Değerlendirme ve sonuç bölümünde ise; müzelerimizi içe kapanık durumlarından
kurtararak, toplumun her kesimi ile iletişim ve etkileşim halinde olan, ziyaretçiye
dönük eğitici ve kültürel faaliyetlerde bulunan kurumlar haline getirilmesi için
yapılması gerekenler tartışılmıştır. Müzelerin kültürel ve sosyal hayata katkı
sağlayacak birer merkez haline gelmesi için, bilgi çağının getirdiği teknolojik
donanımlarla desteklenmesinin gerekliliği vurgulanmıştır. Müzelerin yaşayan bir
kurum olabilmesi için konferans,sempozyum , sinema, tiyatro, konser gibi kültürel
faaliyetlere yer verilmesinin, ziyaretleri sürekli kılmak ve ziyaretçi yaş grubunun
çeşitlenmesi açısından büyük önem taşıdığı vurgulanmıştır.

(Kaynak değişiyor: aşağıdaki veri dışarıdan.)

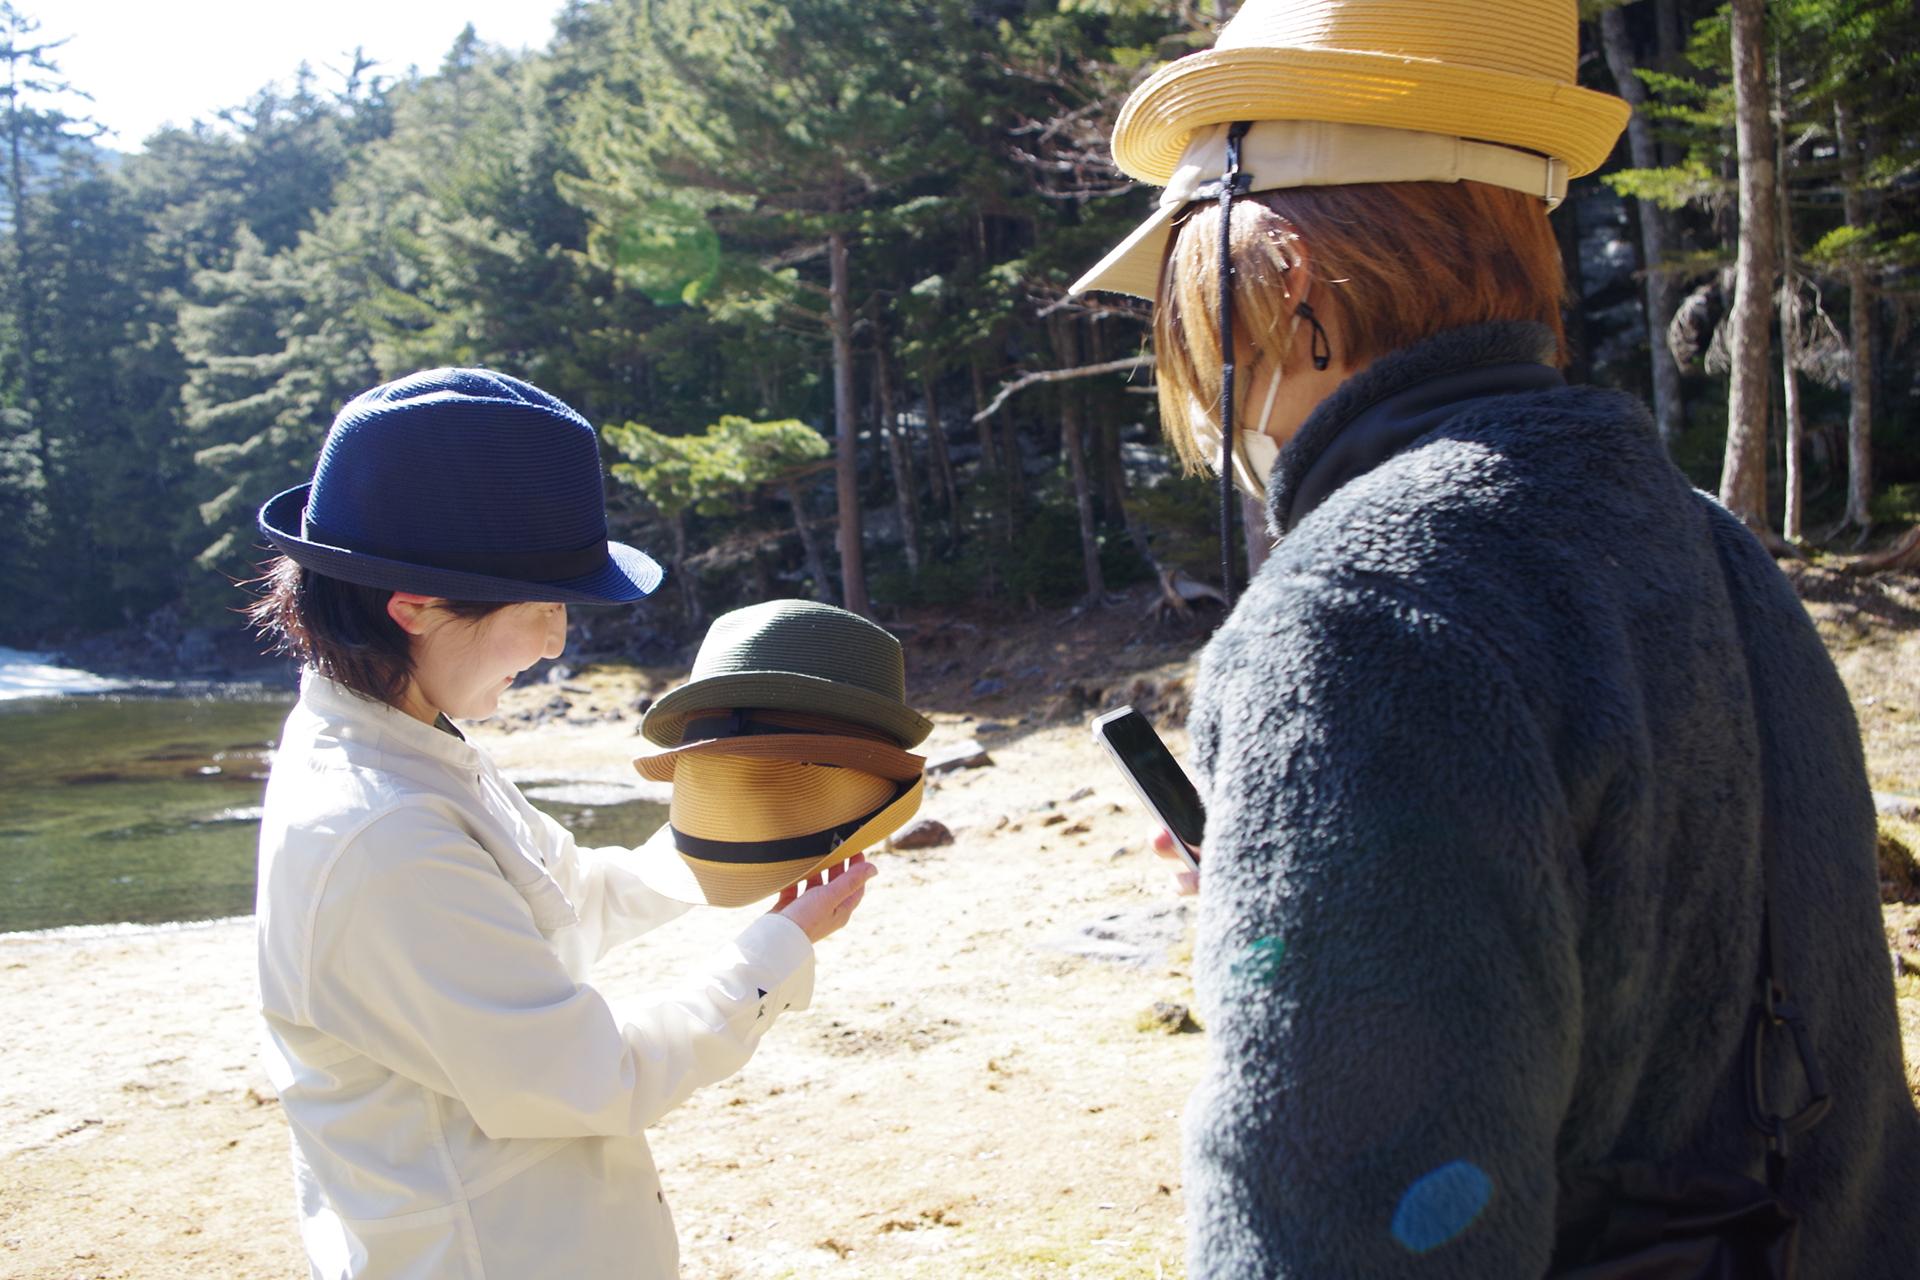 06 山を愛するマンガ家・鈴木ともこさんと行く!北八ヶ岳・しらびそ小屋〜コロナ禍で再発見した魅力とは〜

Anahtar Sözcükler: Çağdaş Müzecilik, Sanal Teknoloji, İnteraktif Yüzey Sistemi,
Dokunmatik Bilgilendirme Ekranı, 3 Boyutlu Sanal Obje, Dijital Kitap, Sanal Tur.
ABSTRACT
96
What technologies are used in museums in Turkey last period in the thesis is a
virtual museum and visitors to better perceive the importance of interactive
applications have been revealed. Virtual technology used in museums, in particular
the role of children and young people sevdirmedeki entertaining historical-museum,
so that the provision of awareness on the importance of the cultural heritage of the
country were discussed. Stages of development with an emphasis on museums in
the world and in our country, our country is presented in the form of a summary of
the chronological development of museology. The purposes of museums, trace
collection, conservation and maintenance, documentation, exhibition and education
with an emphasis on functionality, museums classification are examined. The
concept of modern museology, museum-society relations was discussed with the.
Applications of virtual technology is used to communicate with visitors in museums
by giving examples of interactive, virtual technology applications used in Turkey, 9
in the museum is introduced in detail. Evaluation and conclusion section, the, our
museums introverted saving states, which are in every segment of society
communicate and interact with the visitor-oriented educational and cultural
activities to be done for making the institutions are discussed. Museums that will
contribute to the cultural and social life in order to become a center of the
information age and the importance of supporting technological equipment brought.
An institution to be living in museums conferences, symposia, films, theater,
concerts in the administration of cultural activities such as visits, visitors to
maintaining and emphasized the vital importance of the age group in terms of
diversification.
Key Words : Contemporary Museology, Virtual Technology, Interactive Surface
System, Touch-Information Display, 3 D Virtual Objects, Digital Book, Virtual
Tour.
ÖZGEÇMİŞ
97
Deniz DÖNMEZOĞLU 21.06.1981 tarihinde Ankara’da doğdu. 1999 yılında
Süleyman
Demirel
Üniversitesi-Mühendislik
Mimarlık
Fakültesi
Mimarlık
Bölümünü kazandı ve 2003 yılında aynı fakülteden mezun oldu. 2005–2009 yılları
arasında özel sektörde çalışmalarına devam eden Deniz DÖNMEZOĞLU, 2009’dan
bu yana Kültür ve Turizm Bakanlığı Kültür Varlıkları ve Müzeler Genel
Müdürlüğünde uzman yardımcısı olarak görev yapmaktadır. Deniz DÖNMEZOĞLU
iyi derecede İngilizce ve orta derecede İtalyanca bilmektedir.